Without the images, repeat every line of the listing verbatim.

Information shown
┄┄┄┄┄┄

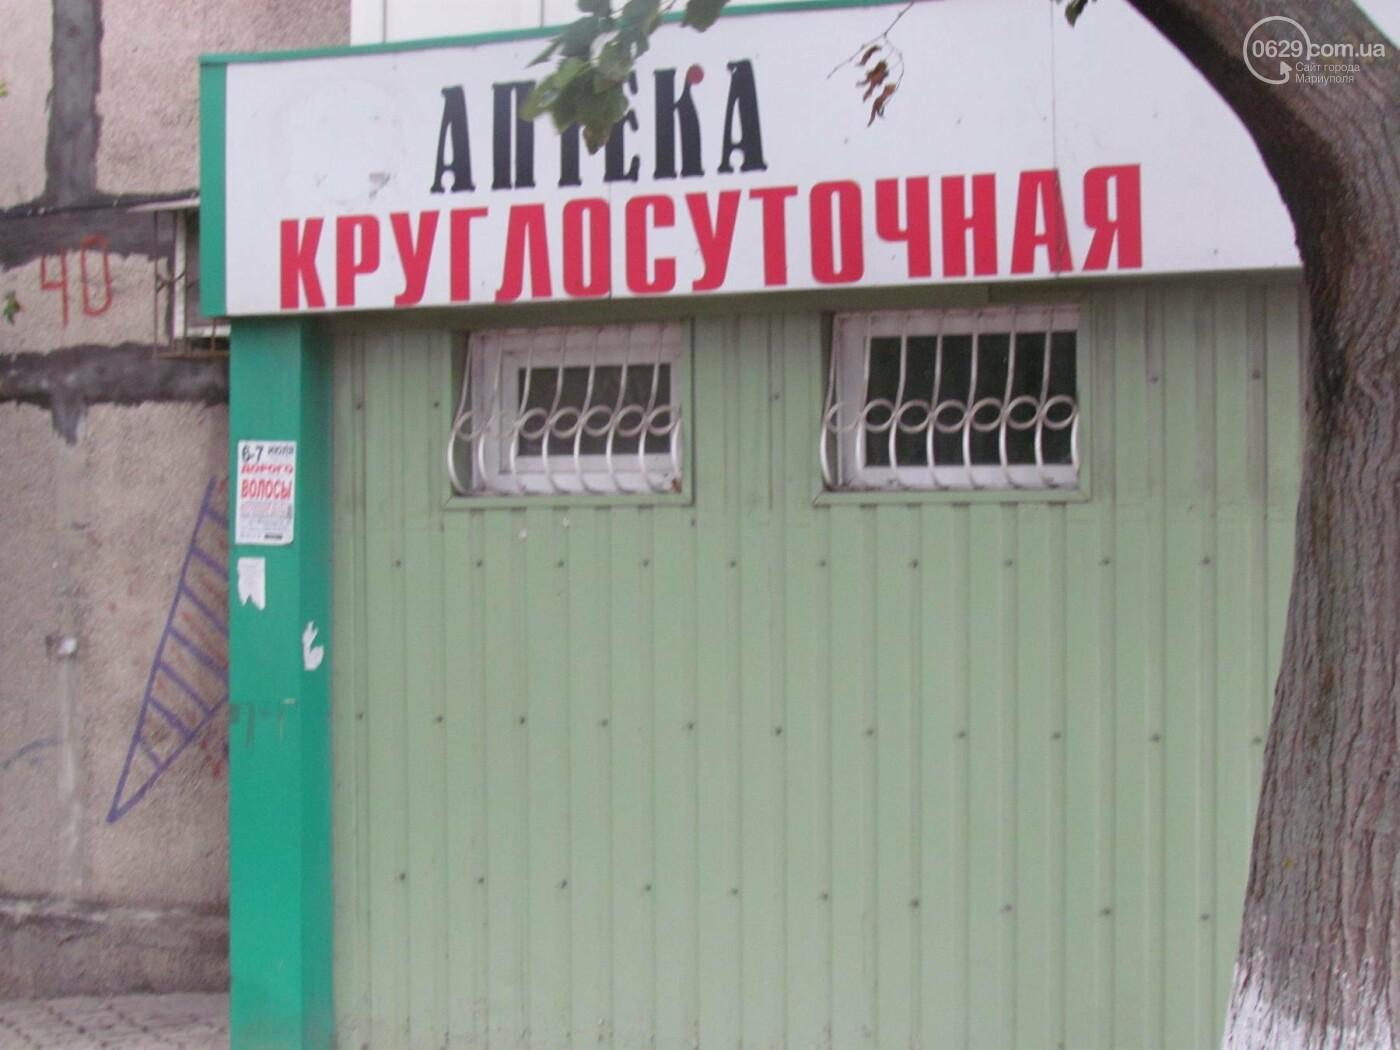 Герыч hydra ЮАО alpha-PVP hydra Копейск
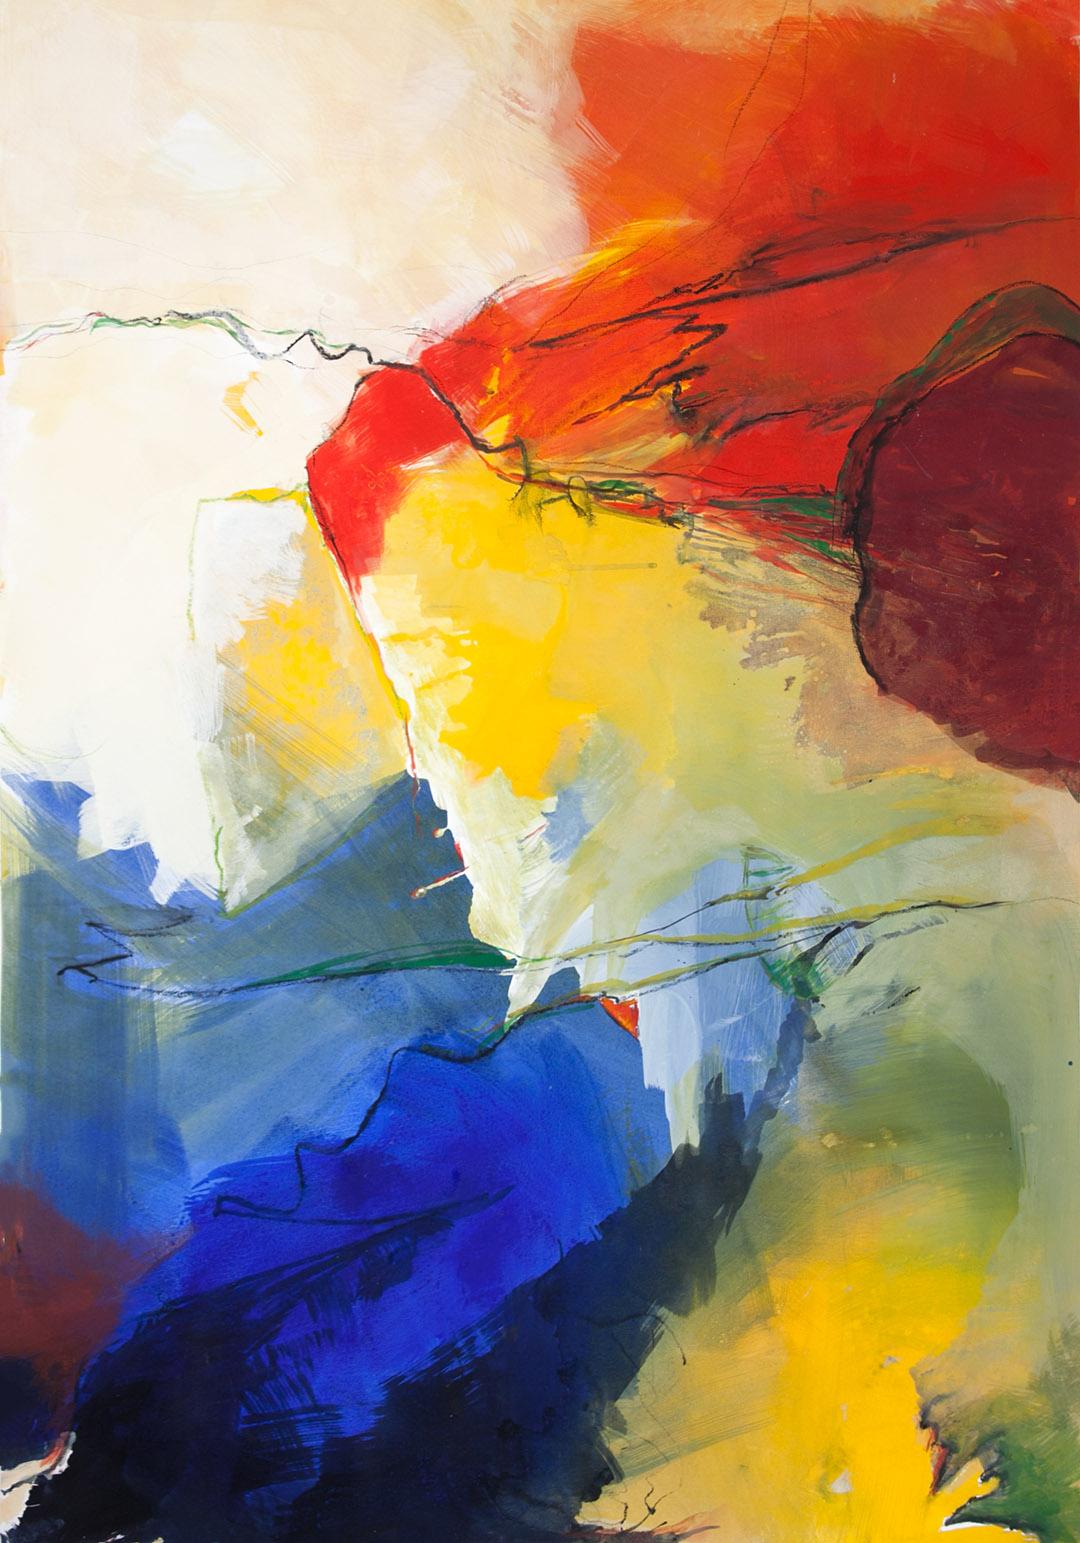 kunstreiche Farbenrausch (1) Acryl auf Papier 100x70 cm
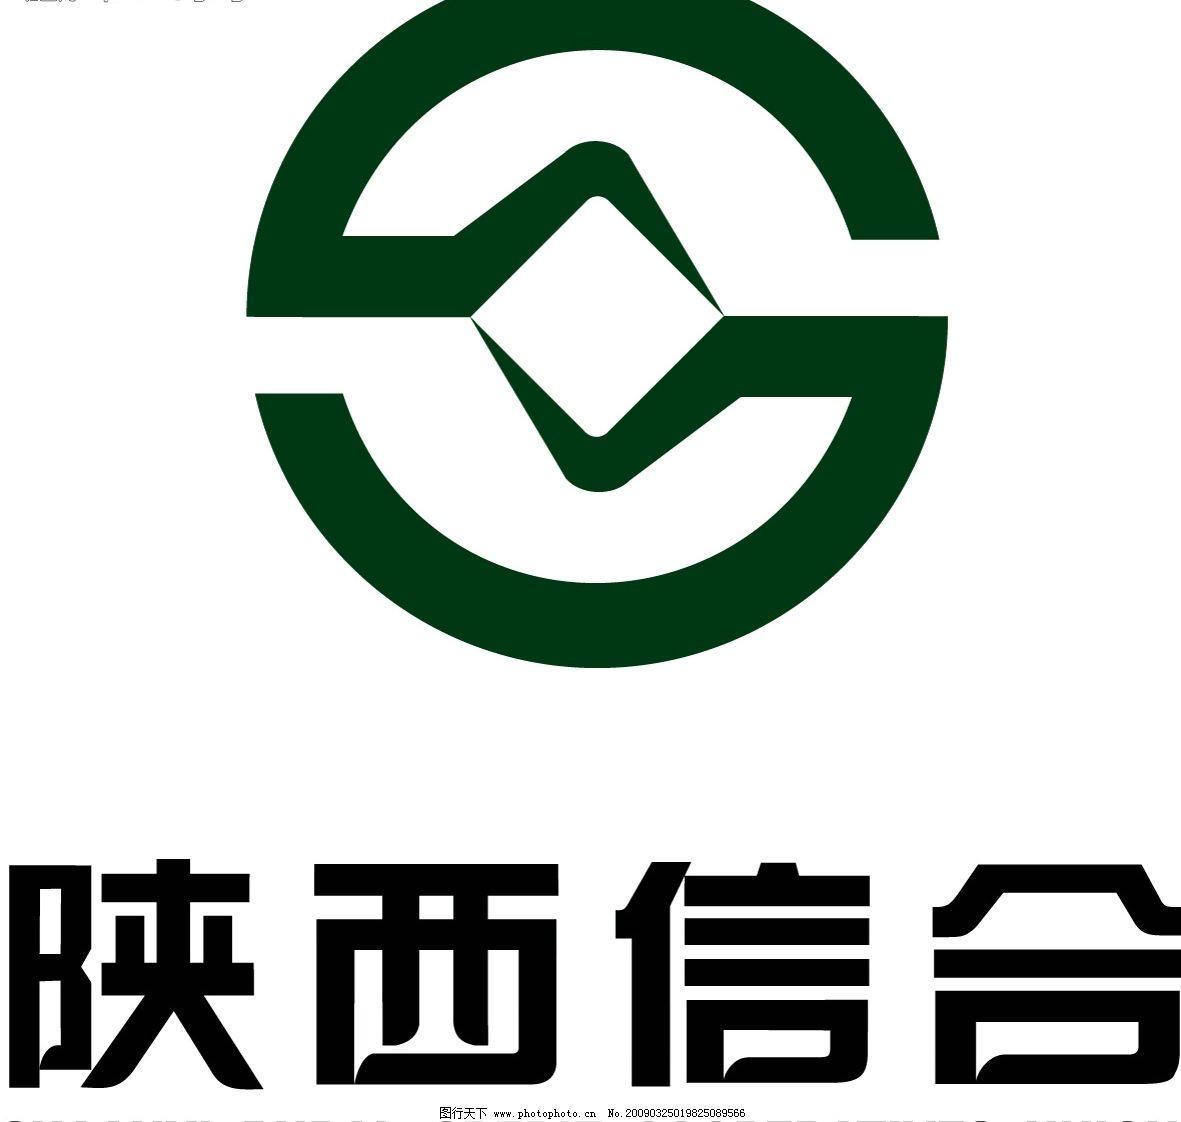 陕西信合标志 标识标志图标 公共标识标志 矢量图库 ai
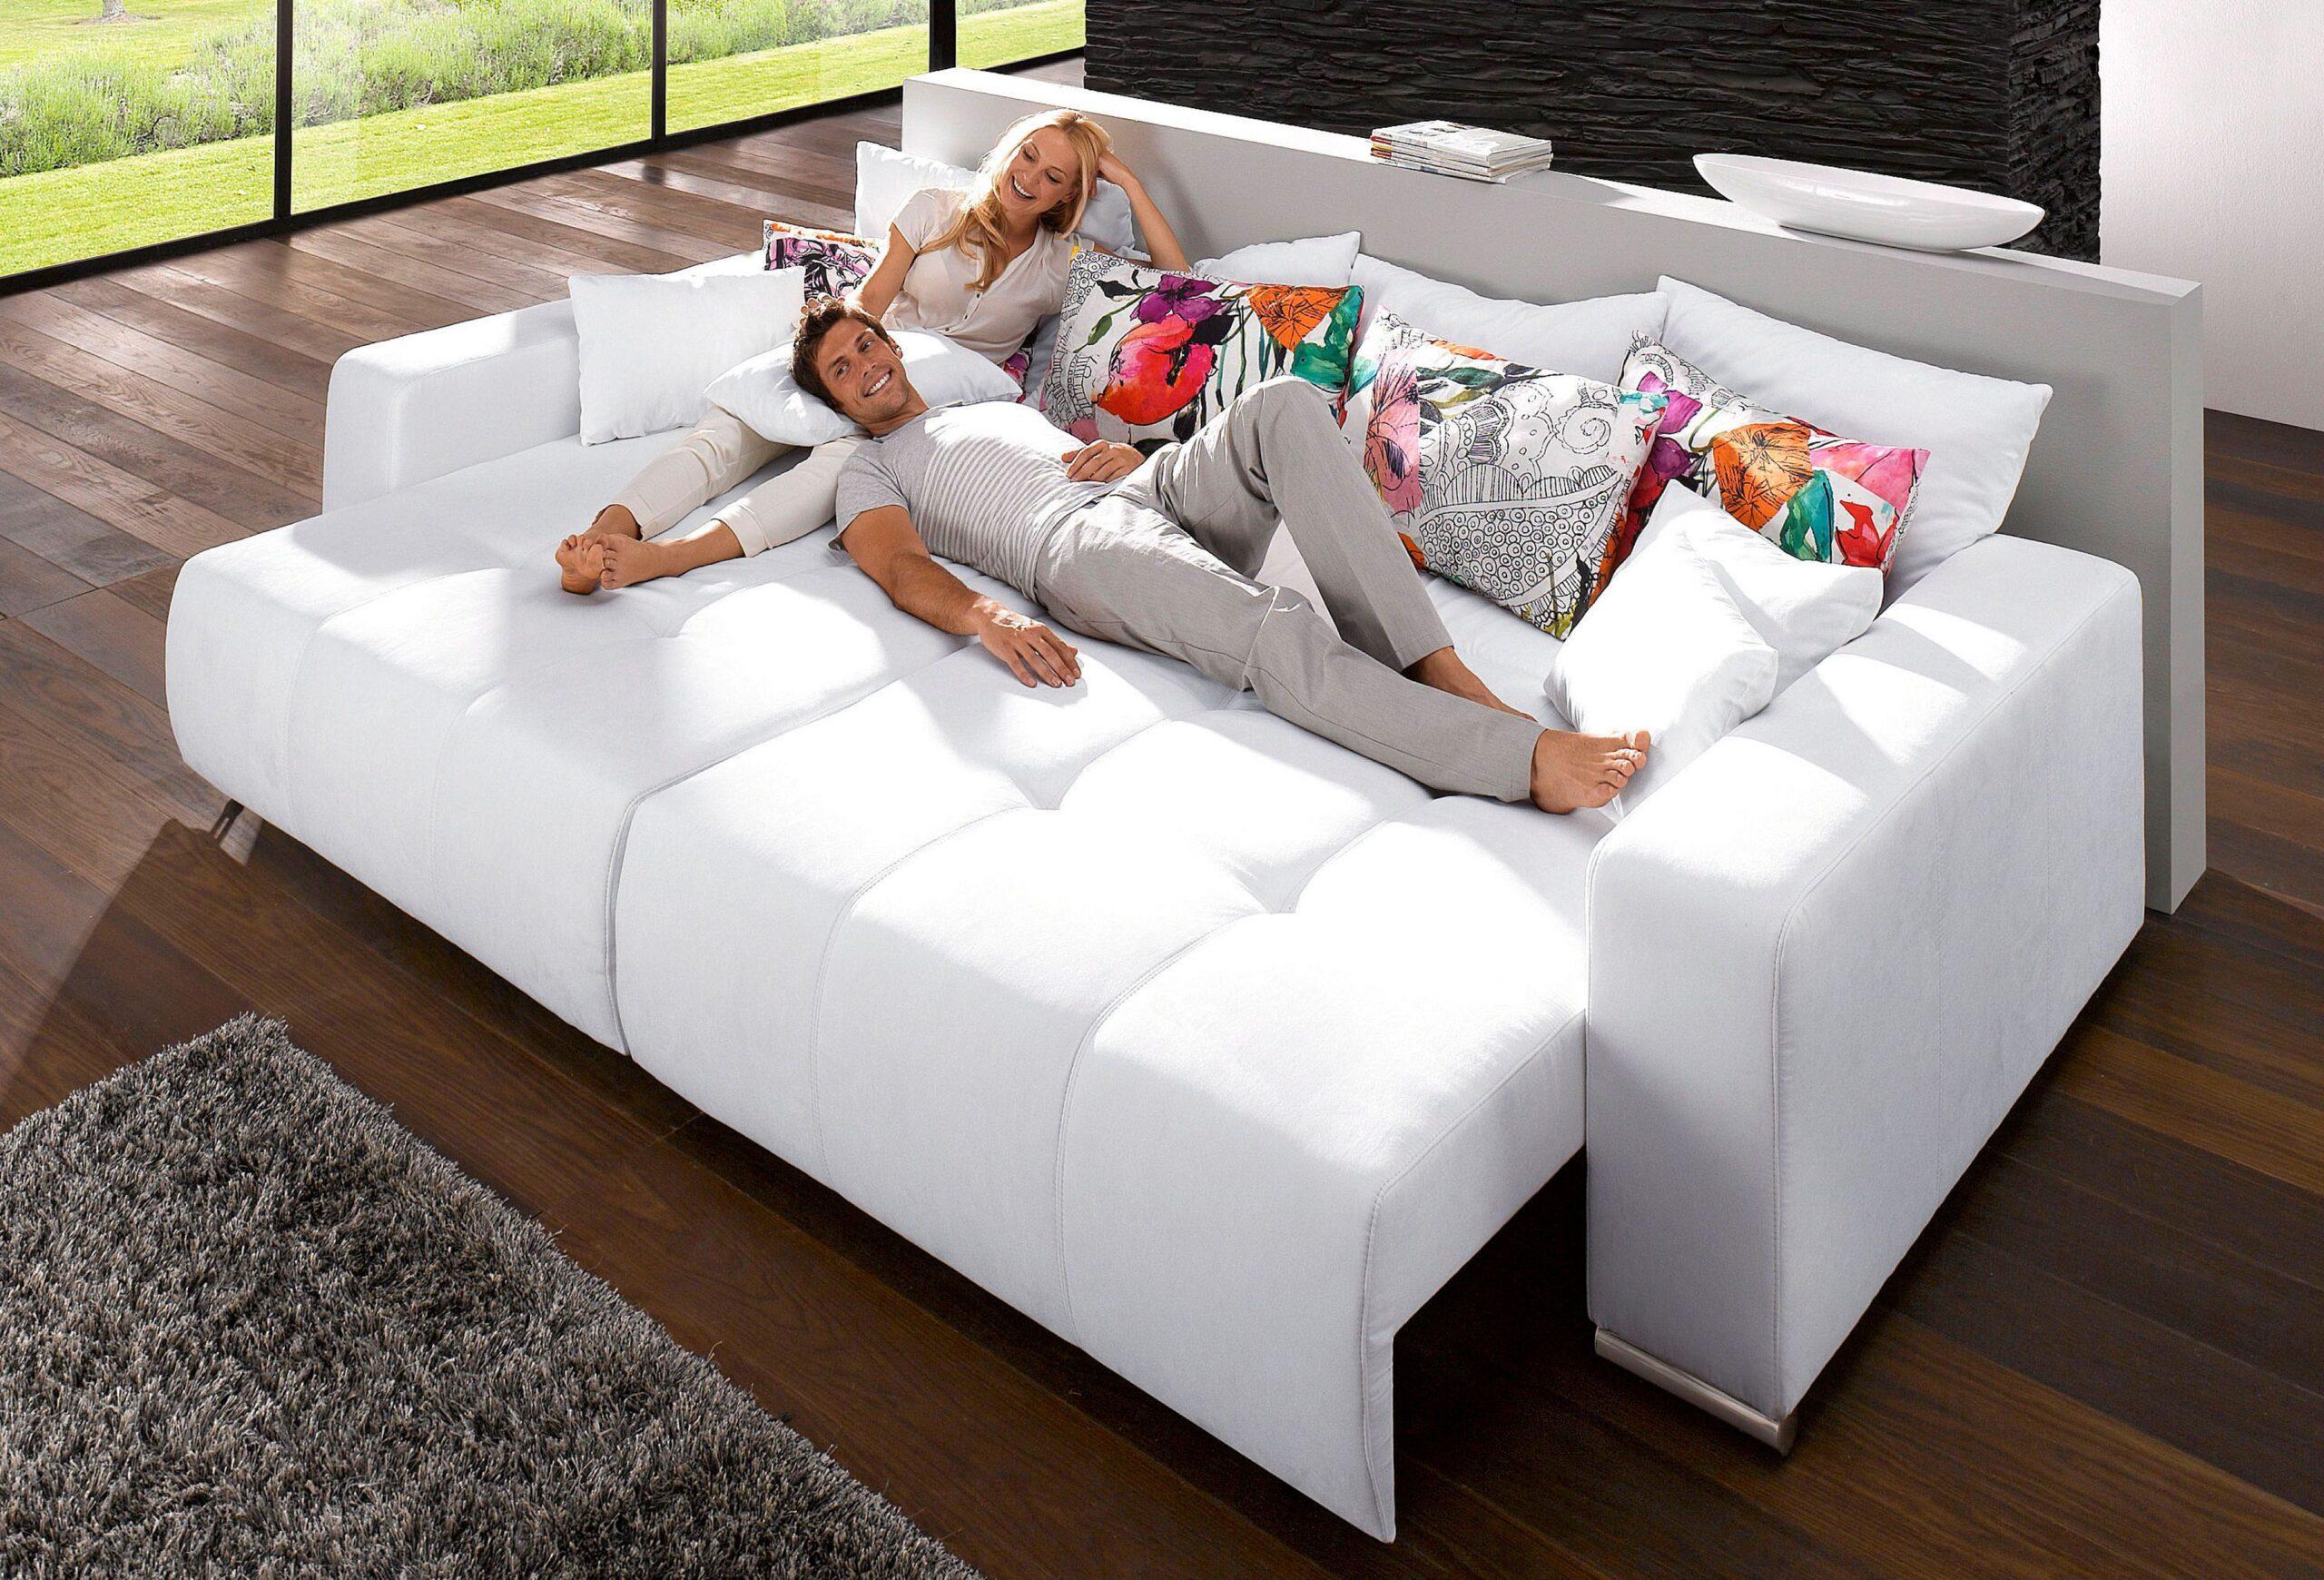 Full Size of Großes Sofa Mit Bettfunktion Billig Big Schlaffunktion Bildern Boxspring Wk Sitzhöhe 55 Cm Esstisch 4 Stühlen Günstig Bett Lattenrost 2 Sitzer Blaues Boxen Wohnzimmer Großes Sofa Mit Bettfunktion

┄┄┄┄┄┄

Result
 Герыч hydra ЮАО alpha-PVP hydra Копейск
 kunstreiche Farbenrausch (1) Acryl auf Papier 100x70 cm
 陕西信合标志 标识标志图标 公共标识标志 矢量图库 ai
 Full Size of Großes Sofa Mit Bettfunktion Billig Big Schlaffunktion Bildern Boxspring Wk Sitzhöhe 55 Cm Esstisch 4 Stühlen Günstig Bett Lattenrost 2 Sitzer Blaues Boxen Wohnzimmer Großes Sofa Mit Bettfunktion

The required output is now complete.